Randomization: 200 patients across 3 arms with 2:1:1 allocation:

  • Arm A (treatment): 100 patients
  • Arm B (active comparator): 50 patients
  • Arm C (placebo): 50 patients

Stratification ensures balanced enrollment across age groups (18-40, 41-65, 65+).

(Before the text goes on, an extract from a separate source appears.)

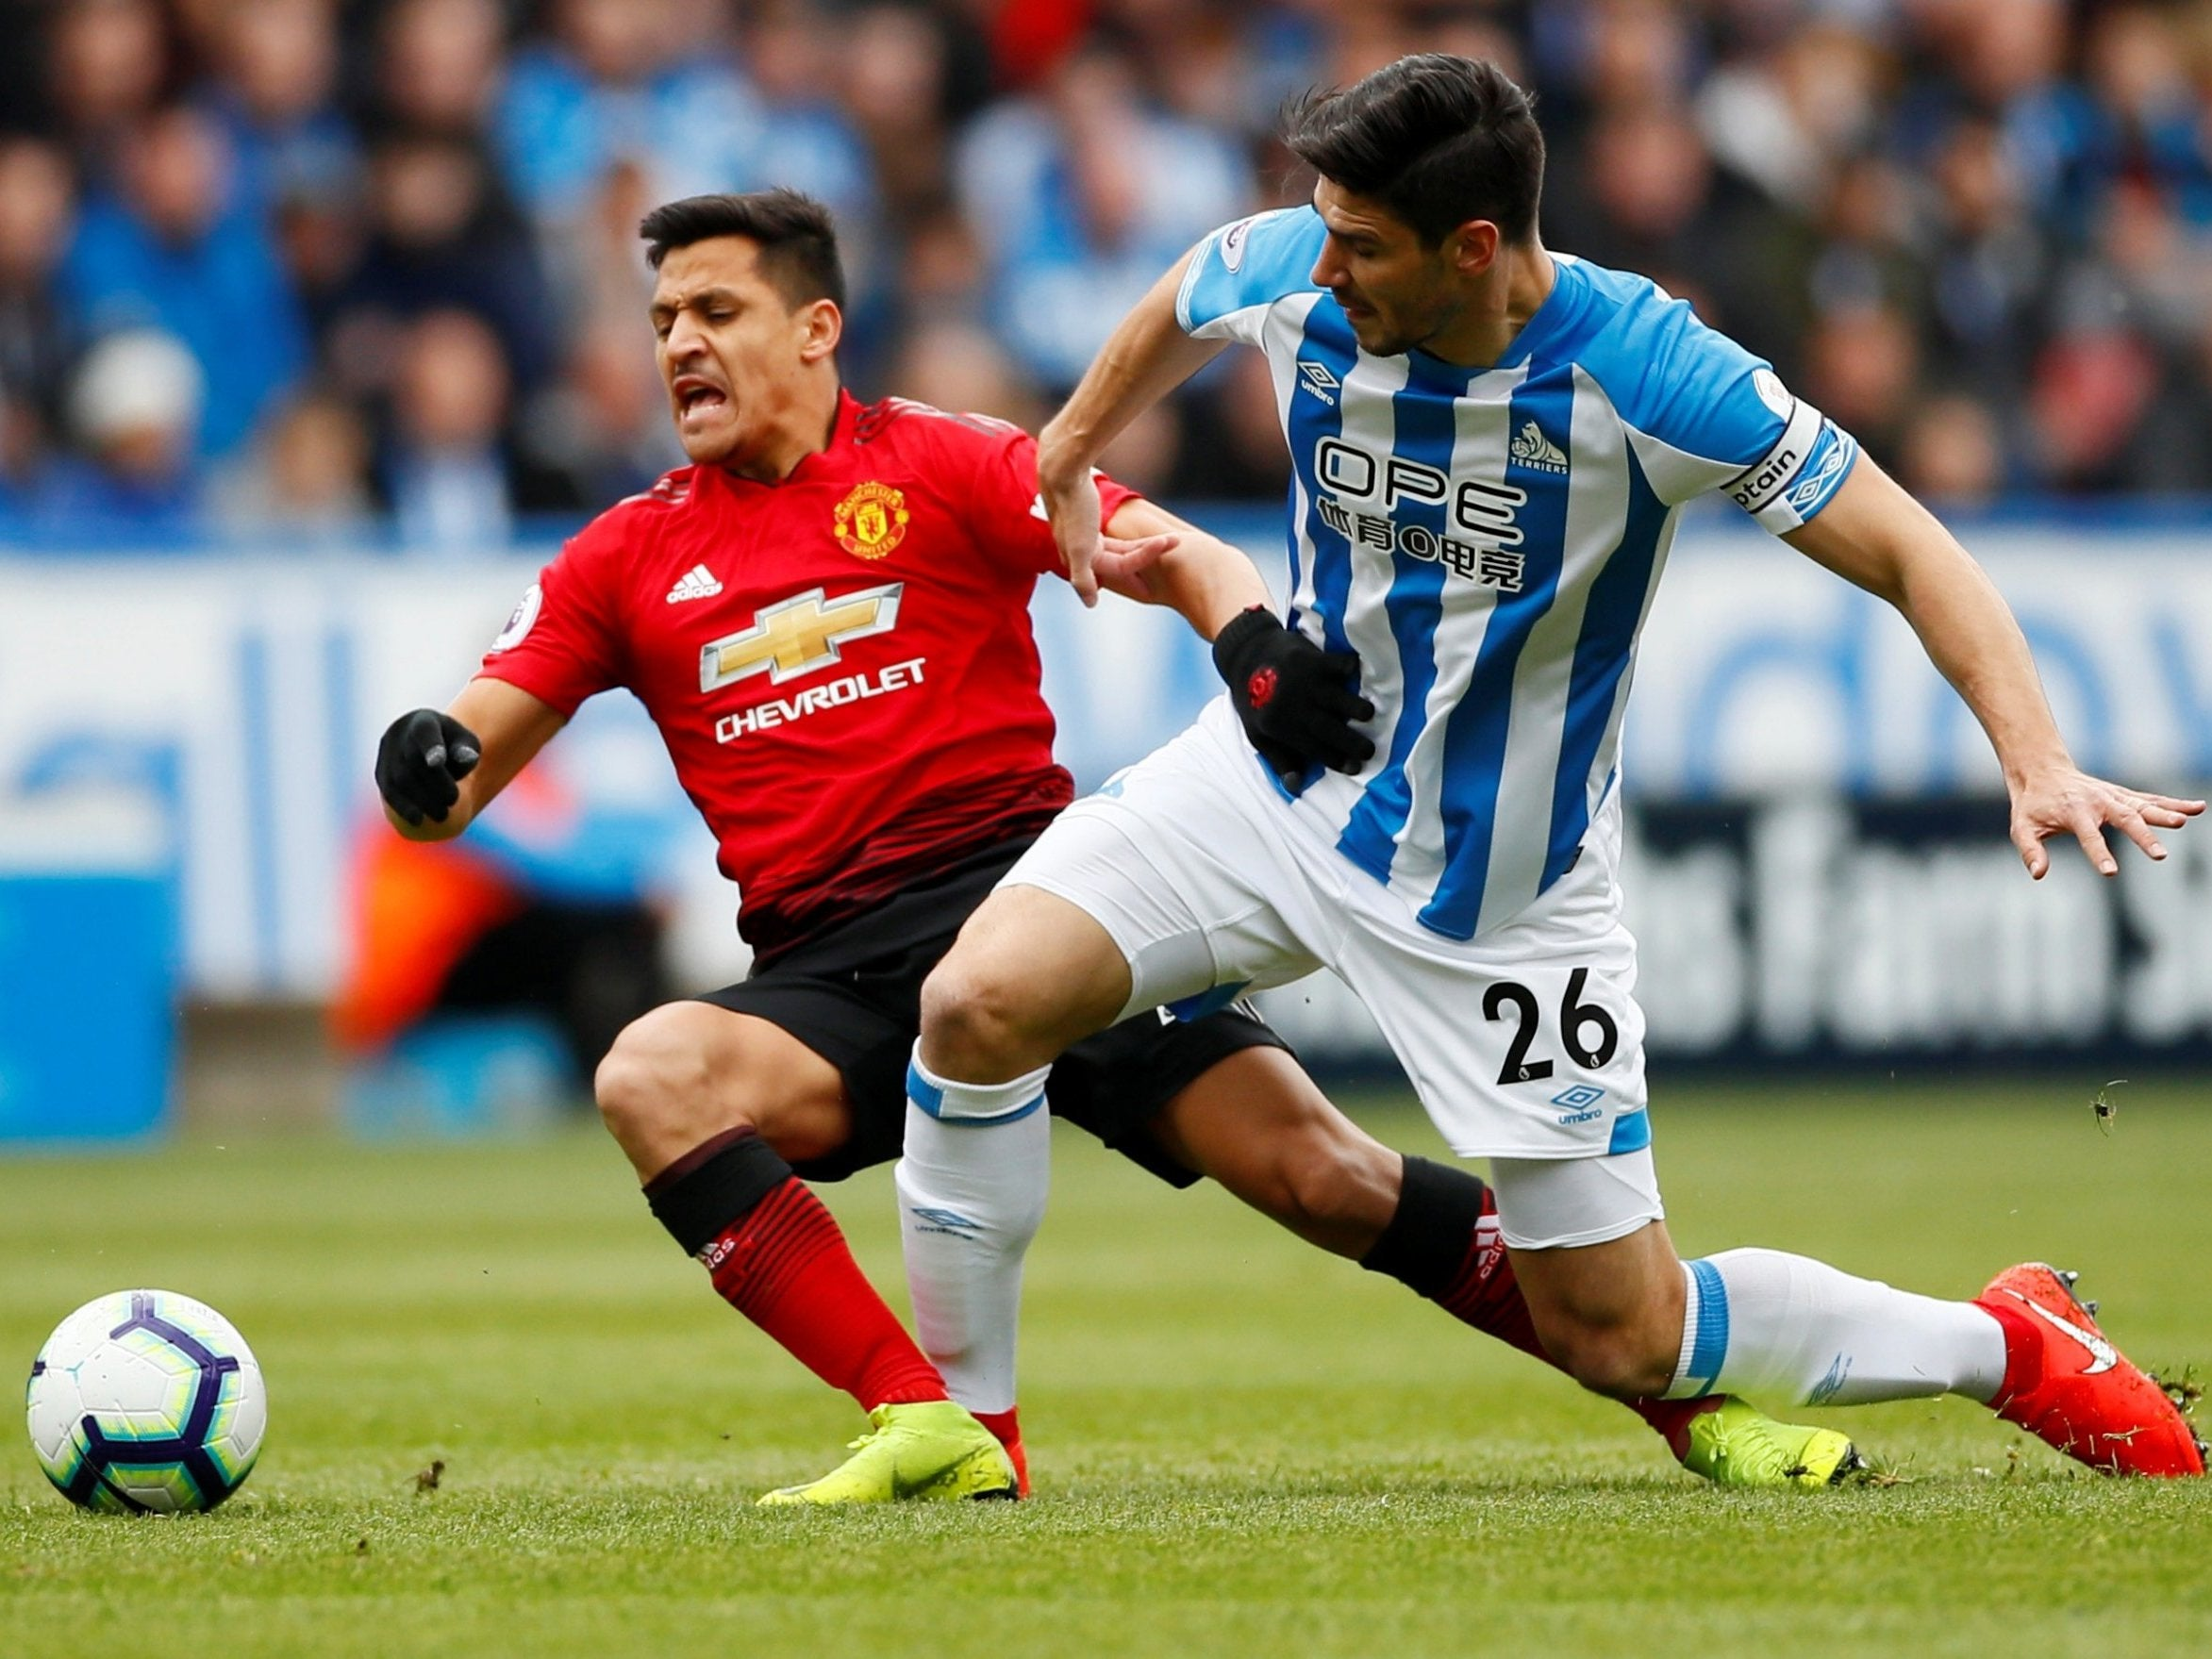 Resultado de imagen de huddersfield 1 manchester united 1

Step 11: De-identify and Finalize

Prepare data for regulatory submission:

    med.research.deidentify(p);

alert "Drug screening pipeline complete" severity: info;
alert "3 compounds screened, 2 targets queried" severity: info;
alert "Clinical trial: 200 patients, 3 arms, stratified" severity: info;
}

De-identification uses the Safe Harbor method: names are SHA-256 hashed, ages over 89 become "90+", timestamps are fuzzed.


Running the Protocol

moiss run drug_discovery.moiss -v

The protocol generates 25 library calls across 4 modules:

▸ Library Calls (25)
────────────────────────────────────────────────────
◈ med.chem - 15 calls
◈ med.pk - 6 calls
◈ med.research - 4 calls

Output Summary

▸ Clinical Alerts
────────────────────────────────────────────────────
ℹ️ [INFO] Drug screening pipeline complete
ℹ️ [INFO] 3 compounds screened, 2 targets queried
ℹ️ [INFO] Clinical trial: 200 patients, 3 arms, stratified

Complete Source Code

The full source is at examples/drug_discovery.moiss in the repository.